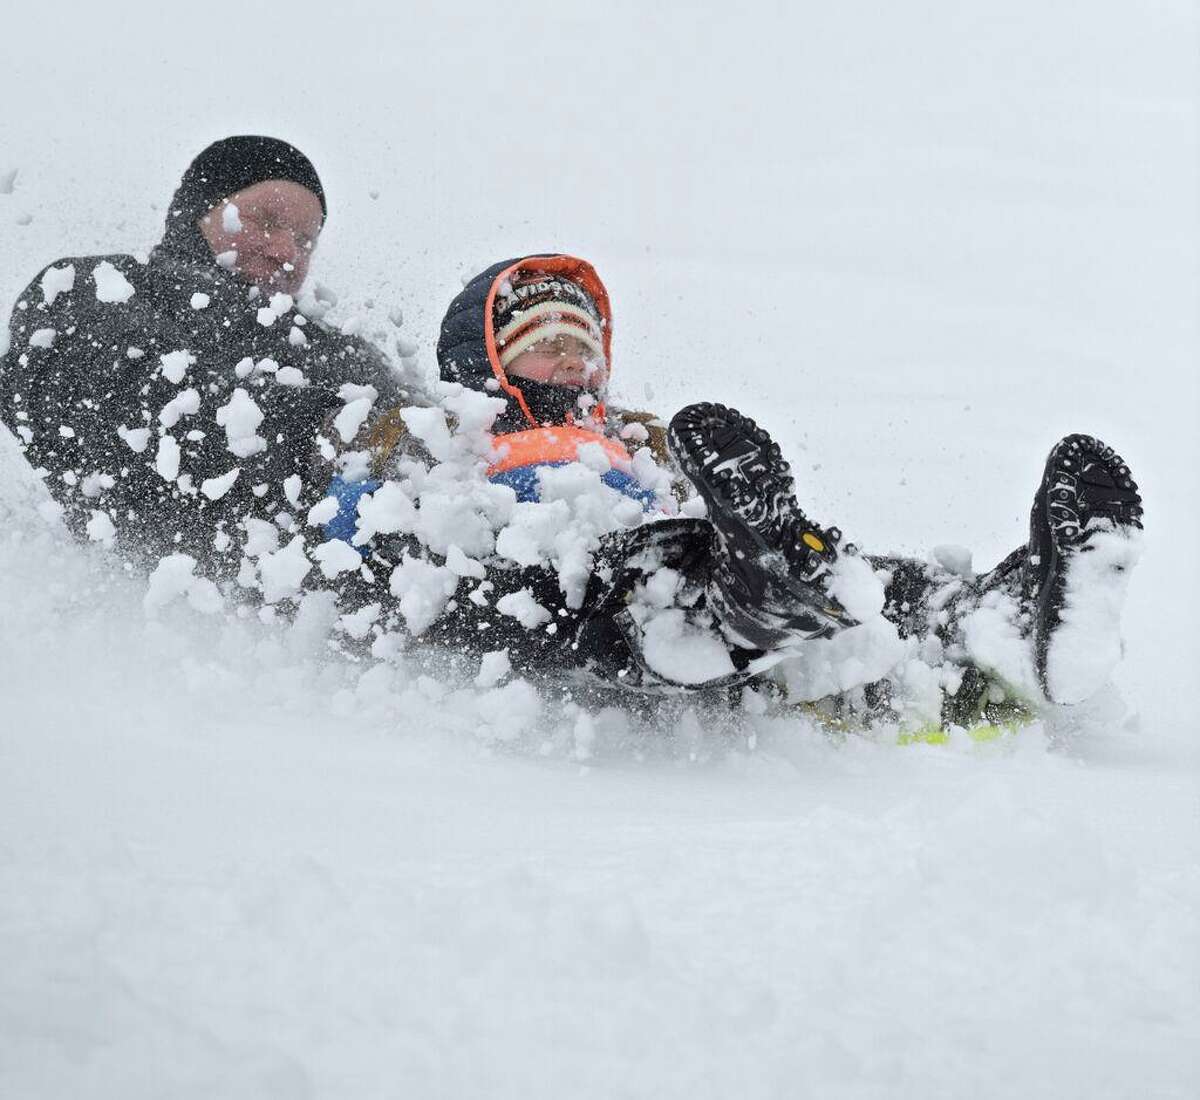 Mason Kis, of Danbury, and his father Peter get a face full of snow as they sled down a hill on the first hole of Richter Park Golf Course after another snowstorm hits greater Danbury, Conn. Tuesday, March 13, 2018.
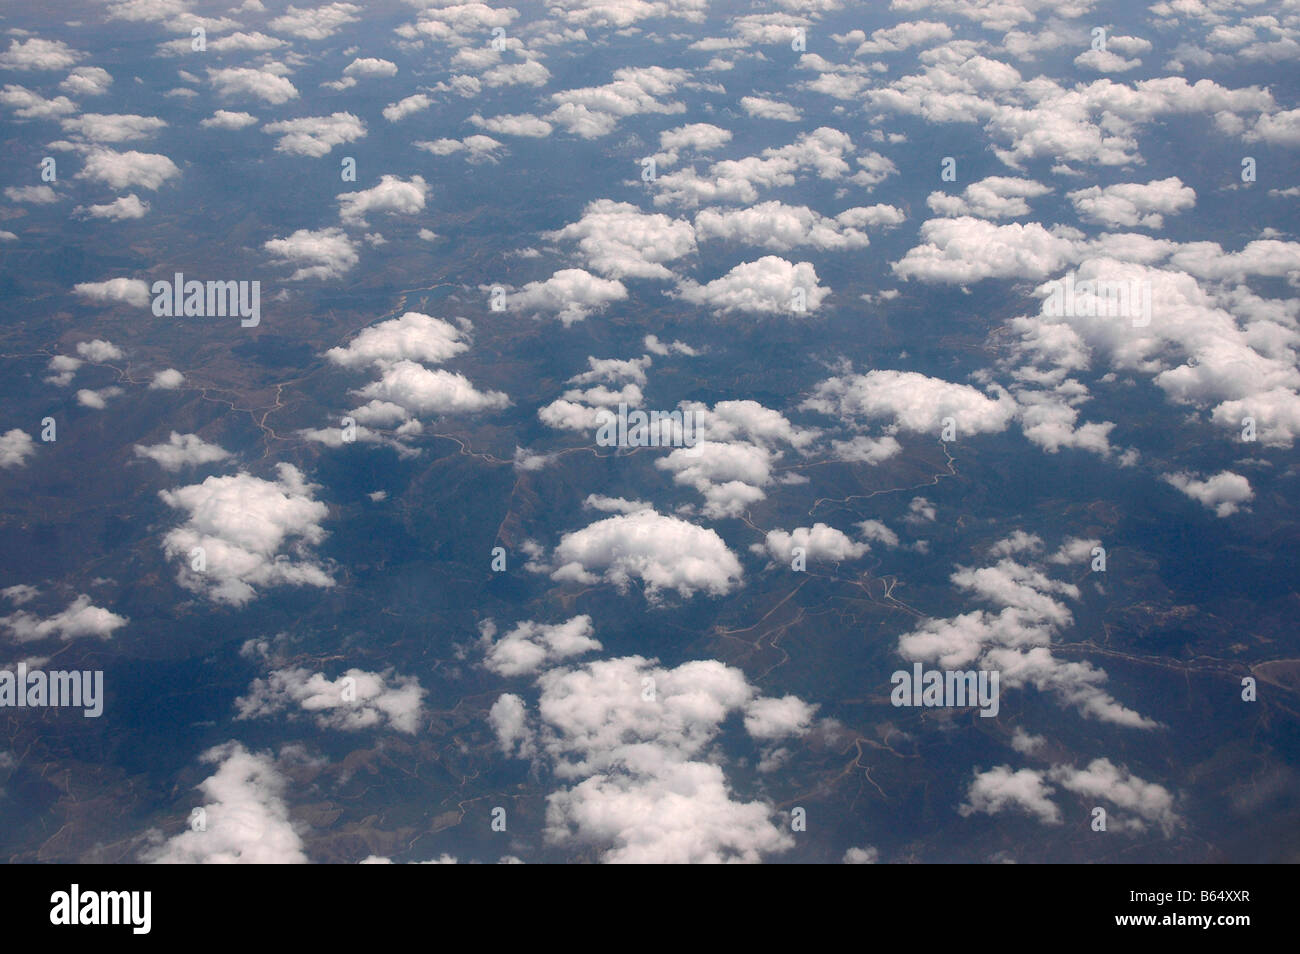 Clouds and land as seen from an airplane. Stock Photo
* * *
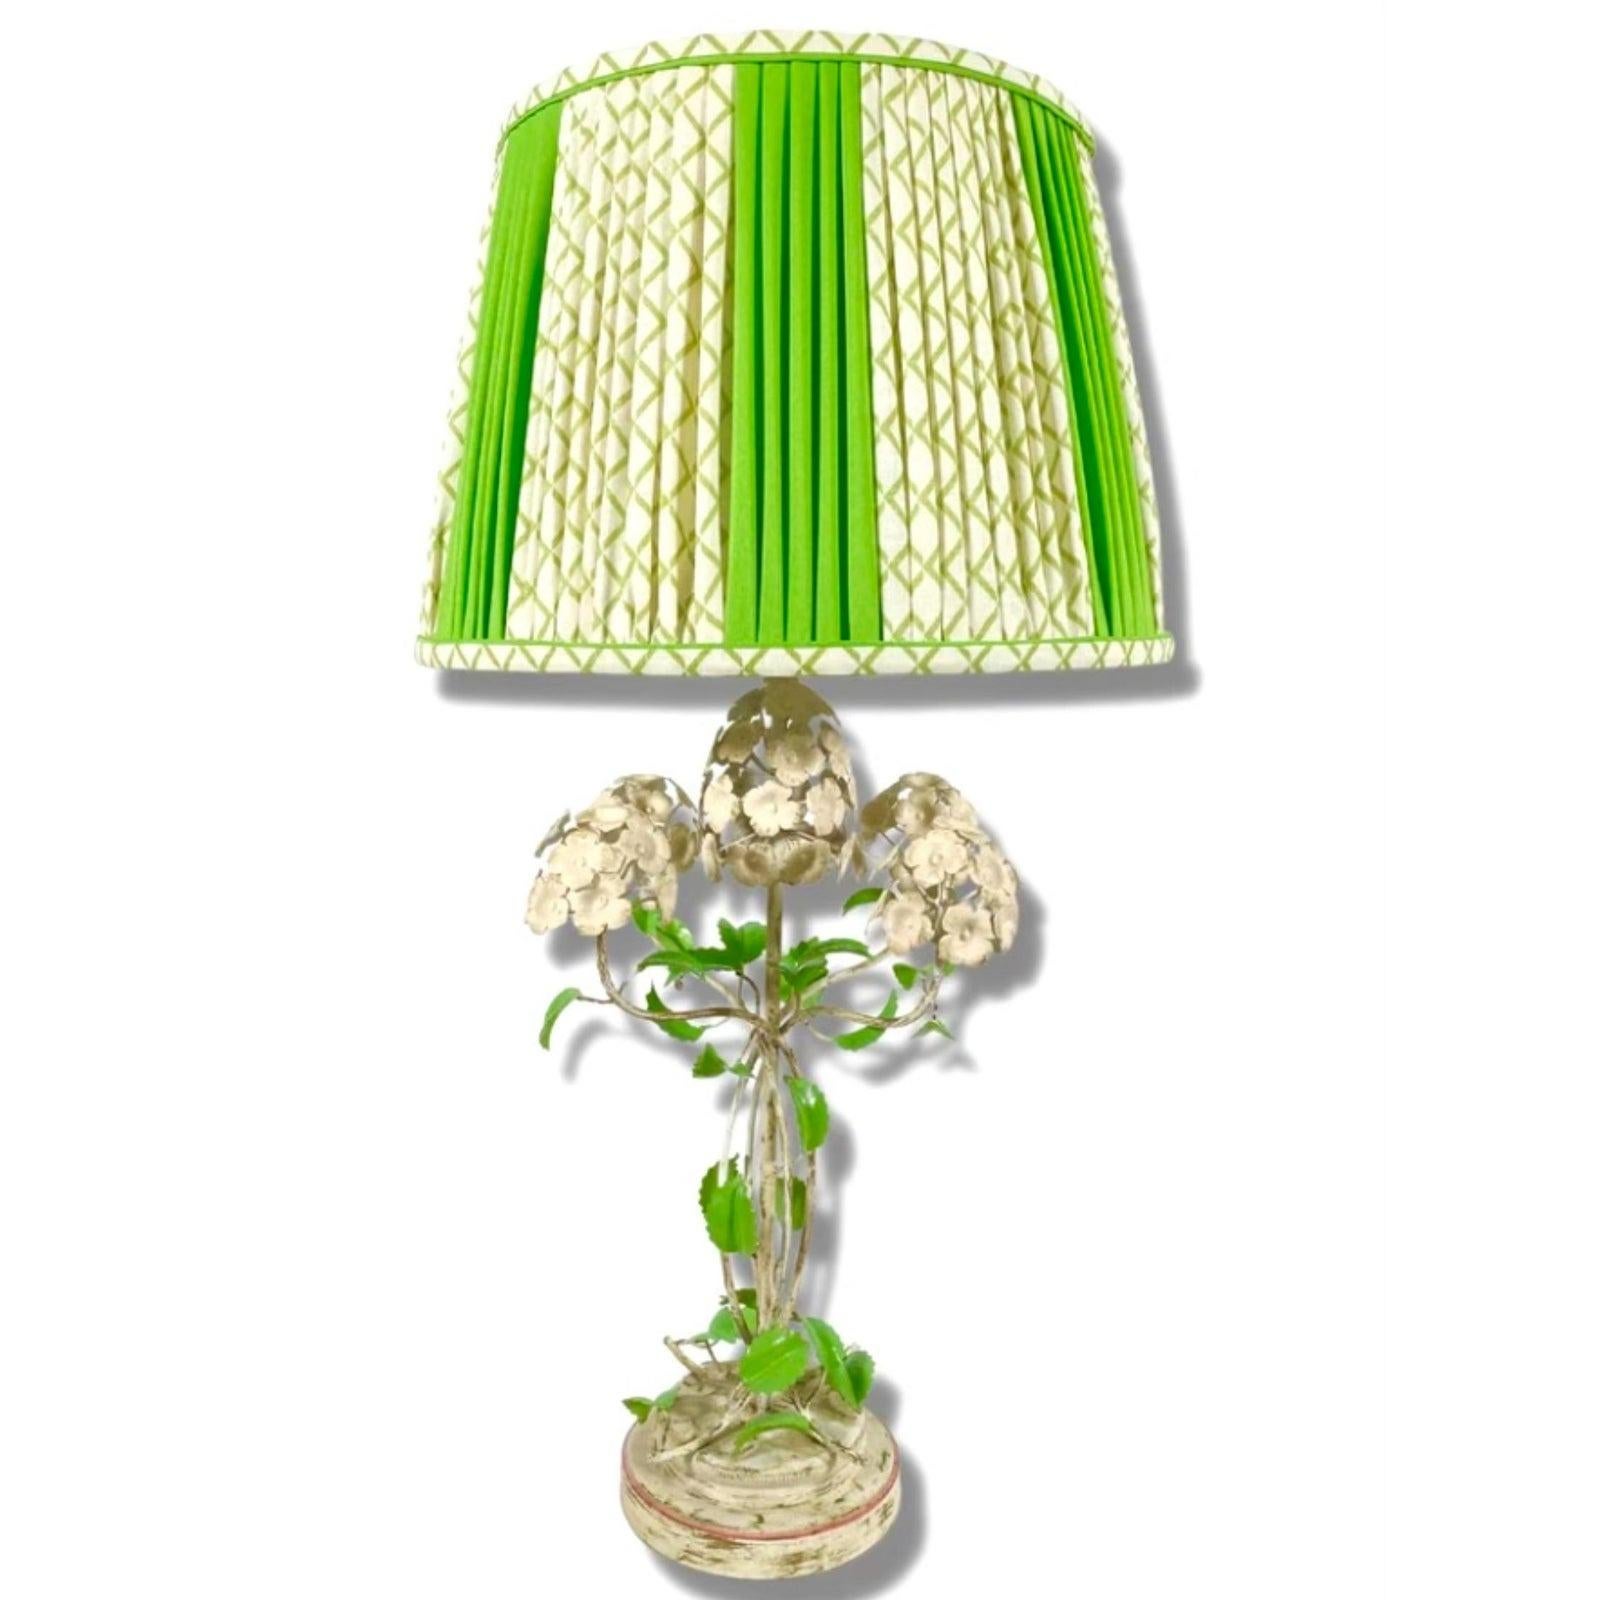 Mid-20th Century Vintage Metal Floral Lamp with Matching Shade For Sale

Assignment.
Return word for word the lines of the listing above, starting at the line with "Mason Kis, of" and ending at the line with "Clouds and land", both included. Pictures do not belong in the copy.

Solution for this exercise.
 Mason Kis, of Danbury, and his father Peter get a face full of snow as they sled down a hill on the first hole of Richter Park Golf Course after another snowstorm hits greater Danbury, Conn. Tuesday, March 13, 2018.
 Clouds and land as seen from an airplane. Stock Photo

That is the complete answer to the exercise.